I was using burntsushi’s ignore crate, which in turn uses globset by the same author. In a directory hierarchy, I was first collecting all .ignore
files, then trying to decide which files are ignored. Rg Gitignore’s from parameter led me to believe this.
However, it looks, it has a bug that doesn’t consider the source directory of ignore file. Git has different semantics when a/.gitignore
and a/b/.gitignore
has a line mydir/
. In the second case, Git doesn’t ignore a/mydir/
but Ripgrep seems to consider all elements from all files as if they are from the root directory.
In practice, most people may be using ignore files at their root directory but there are valid use cases (like moving around directories with ignore patterns in it) that is affected by such behavior.
I decided to tackle with this. Ripgrep’s globset seems nice and fast, so better to base the solution on top of that. My basic use case is walking a directory hierarchy. There are solutions to this like walkdir or jwalk but they use ripgrep’s gitignore, hence they have the same bug.

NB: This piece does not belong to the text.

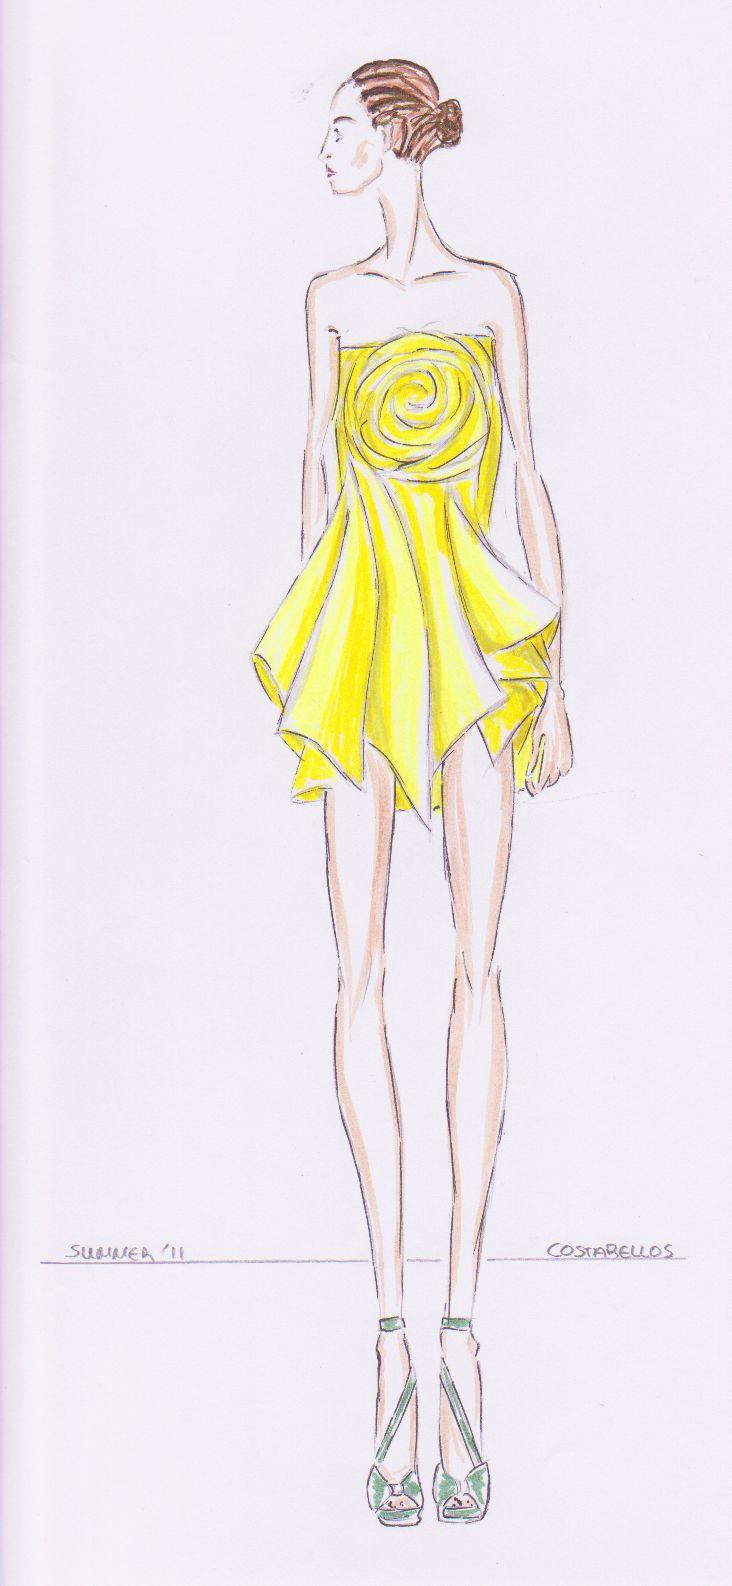 A sketch by Christos Costarellos himself for Gynaika magazine from back in the summer of 2011! #christoscostarellos #costarellos #fashion #couture #hautecouture #moda #mode #magazine #style #summer #editorial #luxury #luxuryfashion #shopping #la #losangeles #lafashion #art #mirror #designer #brand #fashionhouse #fbloggers #fashionbloggers #fashionphotography #madeingreece #retro #vintage #sequins #fashionweek #blastfromthepast #sketch #fashionsketch #designersketch #fashionillustration

I usually begin to set up data structures to understand the problem. This allows me to understand the domain formally.
First, what are we trying to accomplish? Basically, we want to decide if a path should be ignored (a) in the results and (b) in the directory traversal. Gitignore specification not only allows ignores, but also has a way to add paths to a whitelist to unignore. Hence deciding whether to ignore a path is like:
let include = |path| {
if whitelist_globs.match(path) {
true
} else if ignore_globs.match(path) {
false
} else {
true }
}
We also need to decide whether to traverse to a directory:
let traverse = |path| {
if path.is_dir() && !include(path) { false } else { true }
}
We have the following possible MatchResult
s between the ignore rules and a path:
pub enum MatchResult {
NoMatch,
Ignore,
Whitelist,
}
We need a comparison function to get a MatchResult
. One side of the comparison is path
, and the other is a set of GlobSet
s from globset crate. We’ll have two globsets, one for ignores
and the other for whitelists
.
pub struct IgnoreRules {
root: PathBuf,
patterns: Arc<Vec<Pattern<Glob>>>,
whitelist_set: Arc<GlobSet>,
ignore_set: Arc<GlobSet>,
}
The data types for the sets are Arc<GlobSet>
, as I plan to make the traversal concurrent for each directory. However, as only one thread will be modifying the rules (one .gitignore
or .ignore
file per directory), I felt no need to wrap the sets with Mutex
.
We also keep track of each pattern separately. patterns
is a Pattern
vector that contain all globs individually. One reason is to rebuild the GlobSet as we traverse directories: We cannot add any more rules to the sets once we have built, we are keeping the patterns separately to add them to sets of the child directories.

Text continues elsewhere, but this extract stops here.